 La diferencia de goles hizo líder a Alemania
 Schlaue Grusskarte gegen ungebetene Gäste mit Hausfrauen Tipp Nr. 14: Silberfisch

==

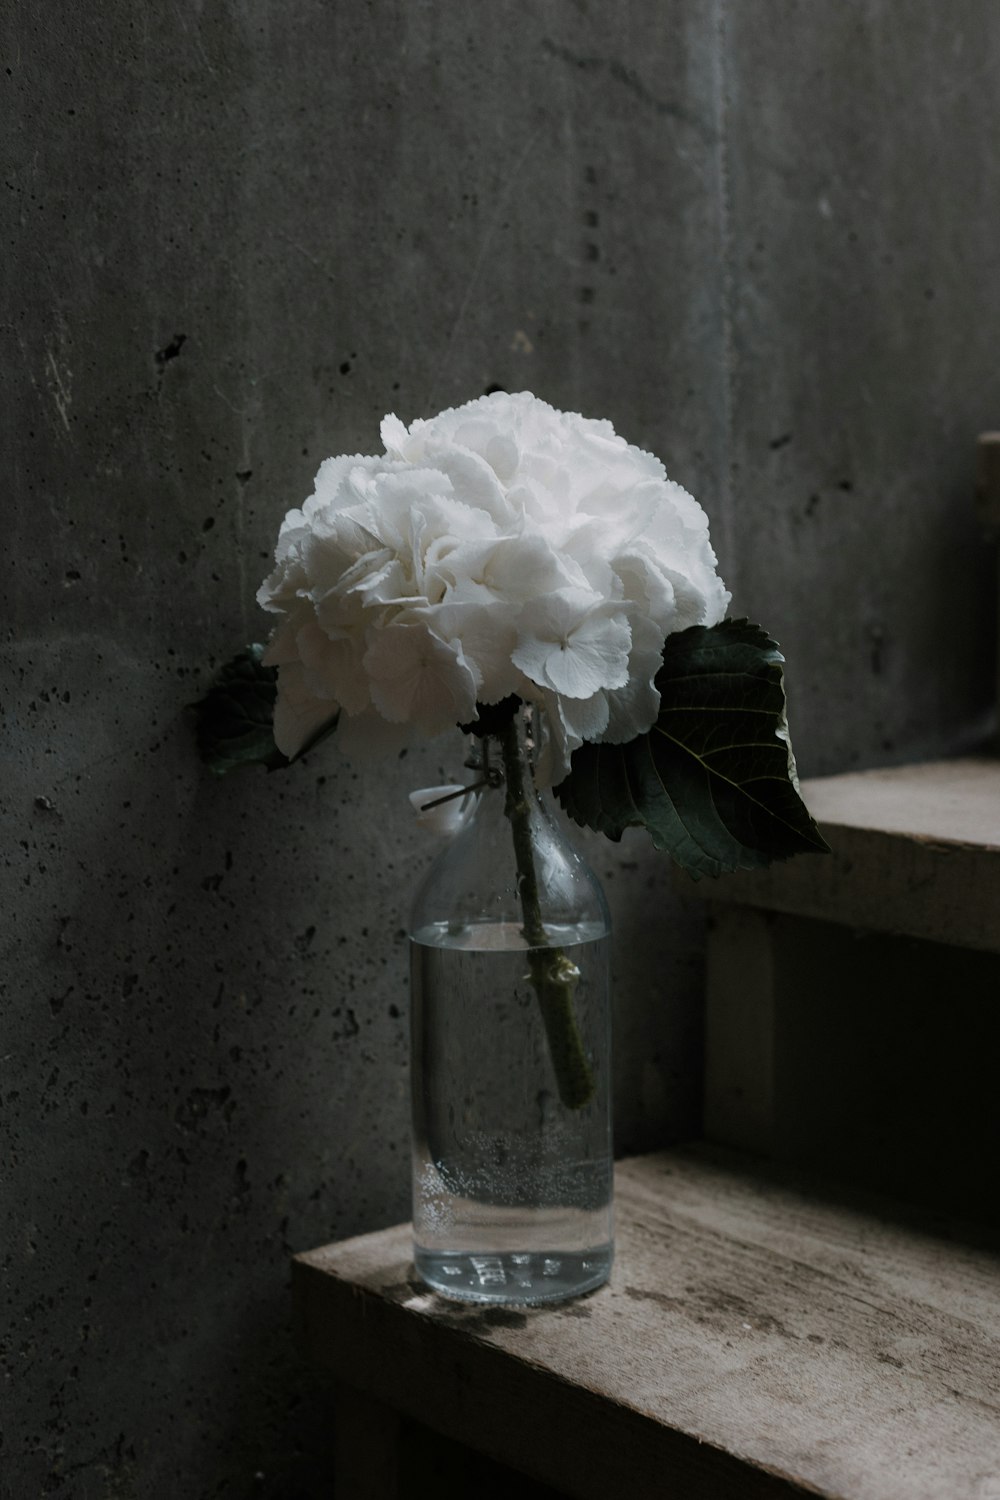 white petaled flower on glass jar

--

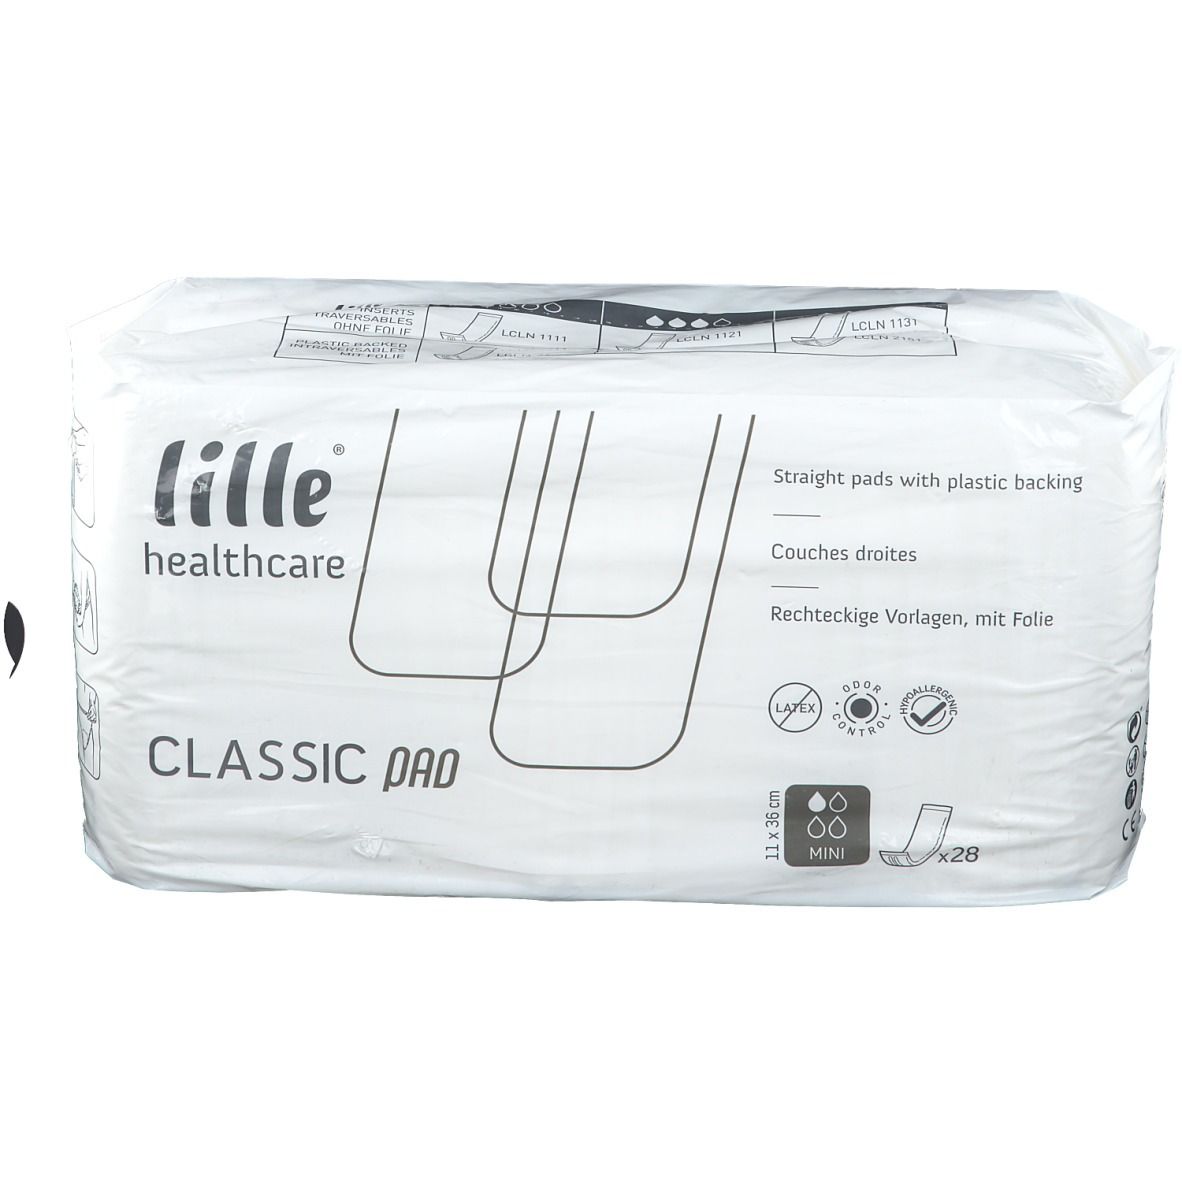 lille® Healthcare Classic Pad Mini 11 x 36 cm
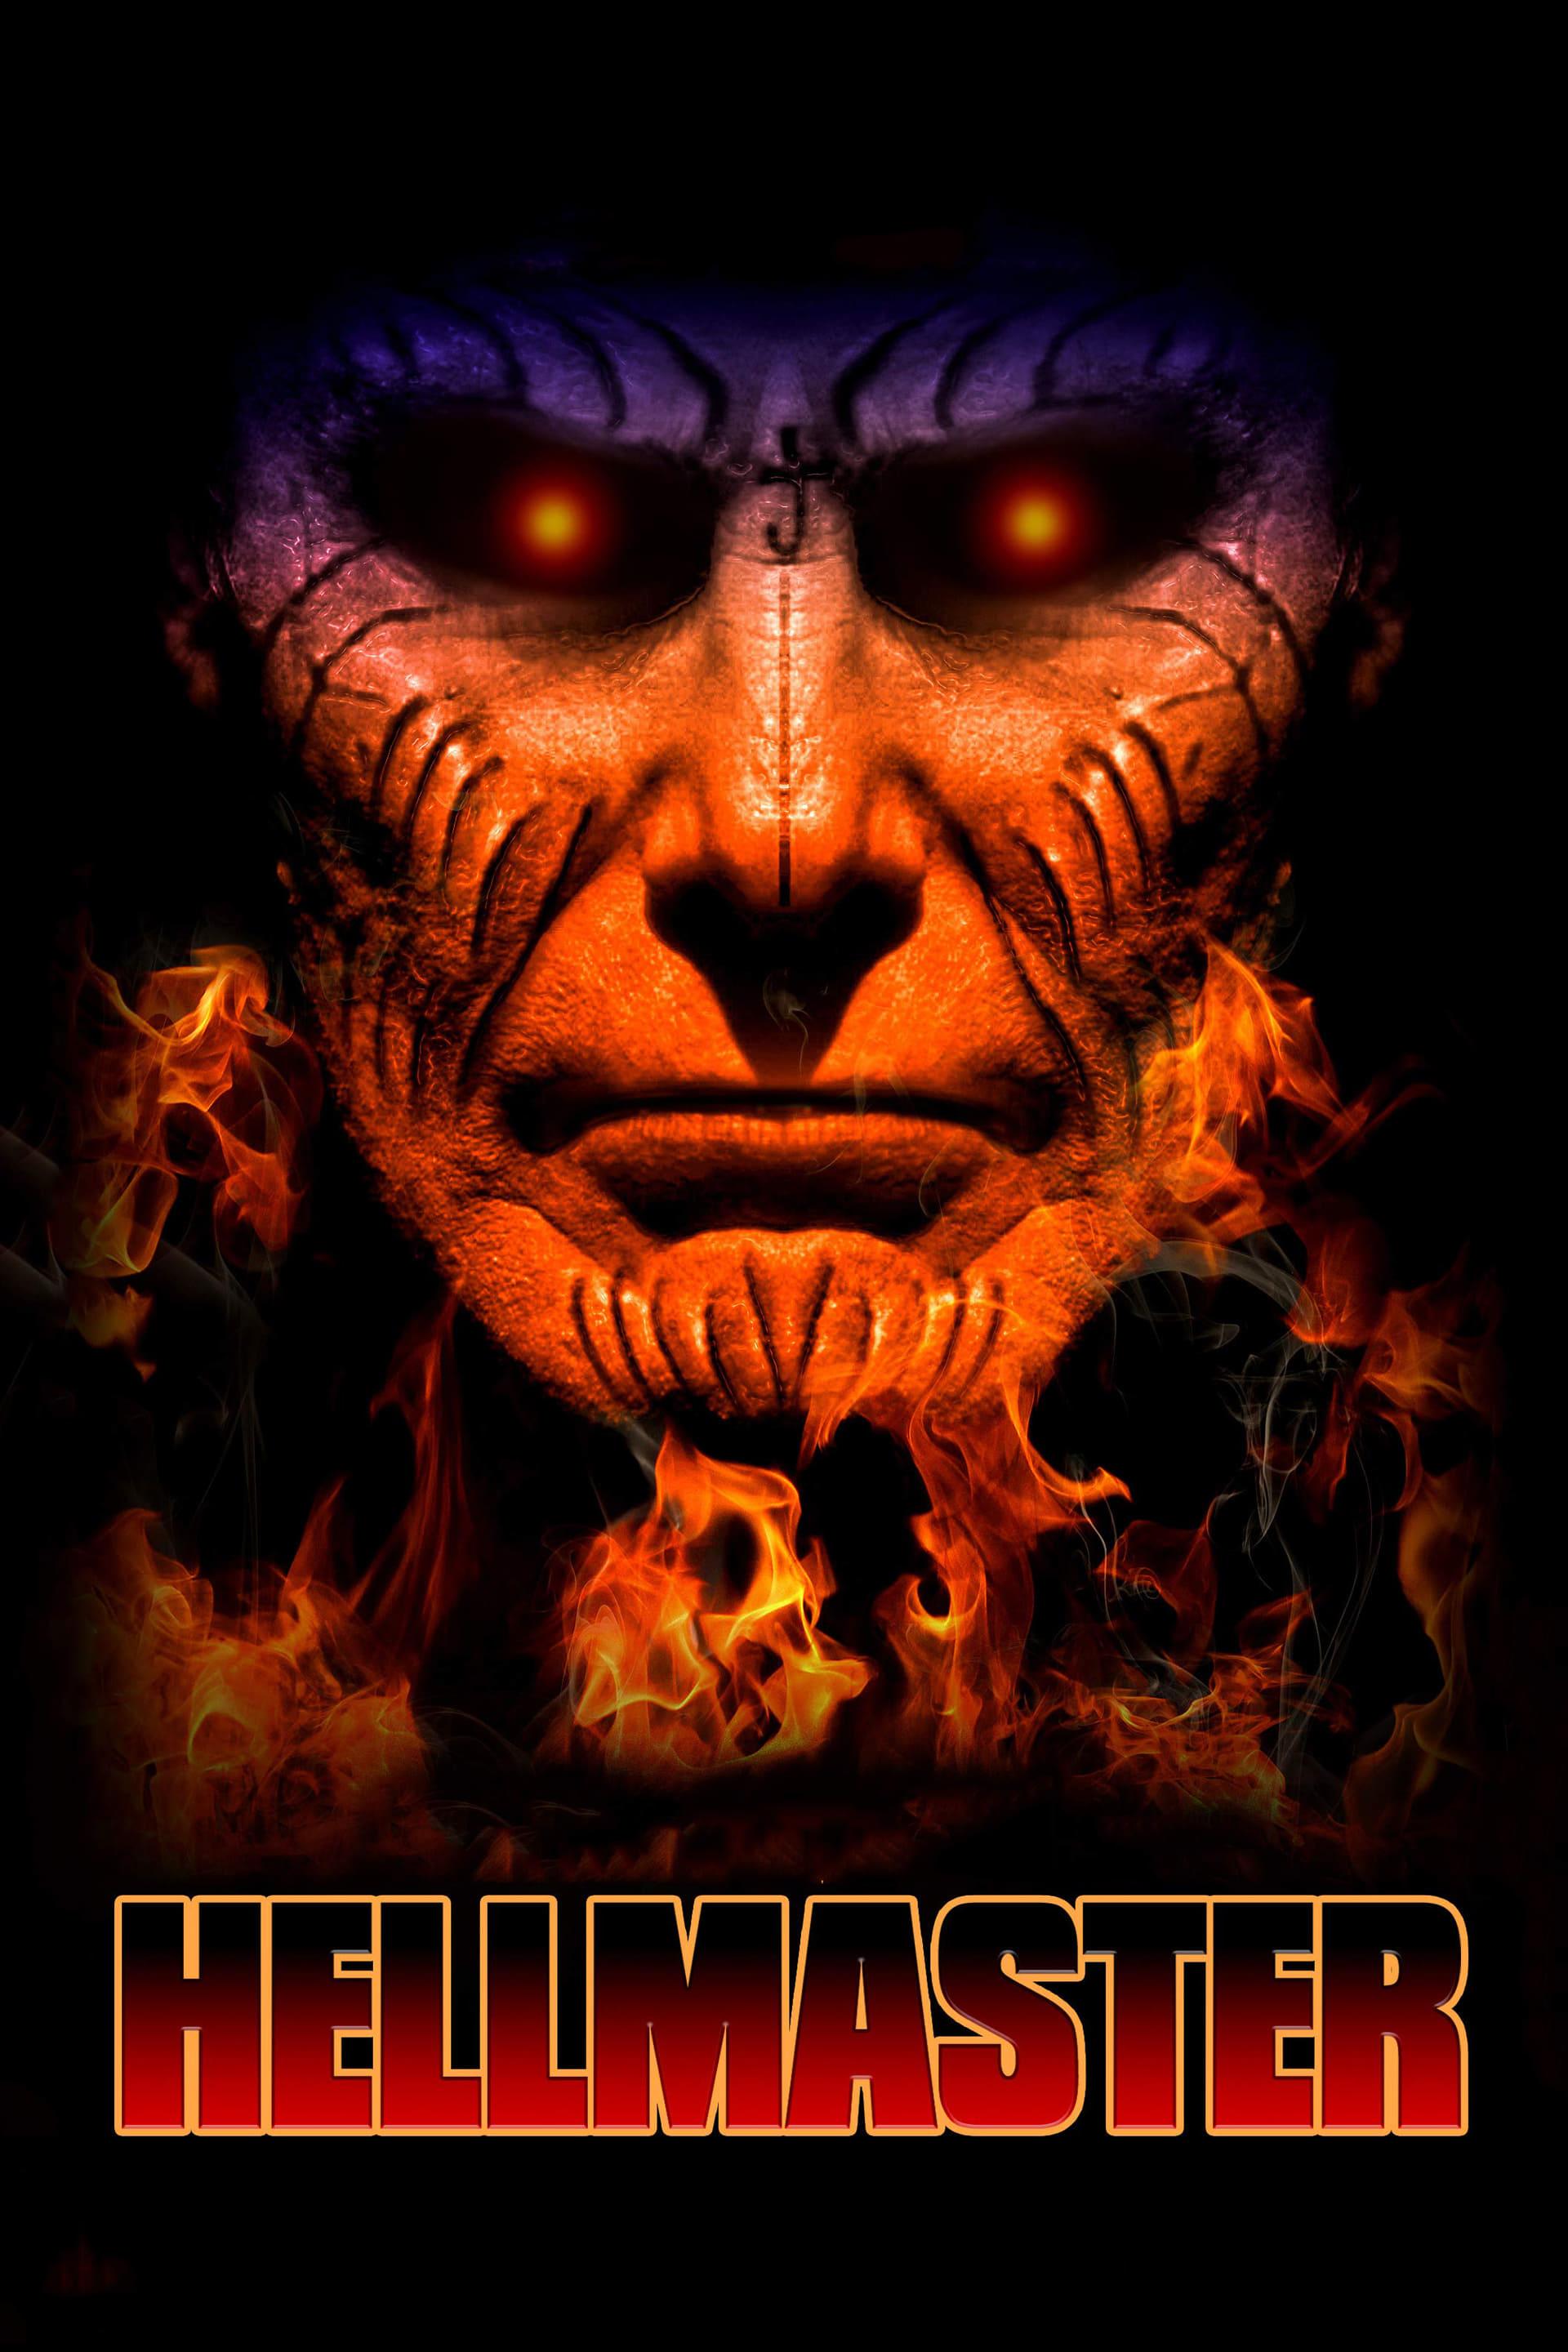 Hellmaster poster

## REQUIRED WORK
Restate word for word the lines of the data above, starting at the line containing "La diferencia de goles hizo líder a Alemania" and ending at the line containing "Schlaue Grusskarte gegen", both included, and nothing more.

## RESULT BELOW
 La diferencia de goles hizo líder a Alemania
 Schlaue Grusskarte gegen ungebetene Gäste mit Hausfrauen Tipp Nr. 14: Silberfisch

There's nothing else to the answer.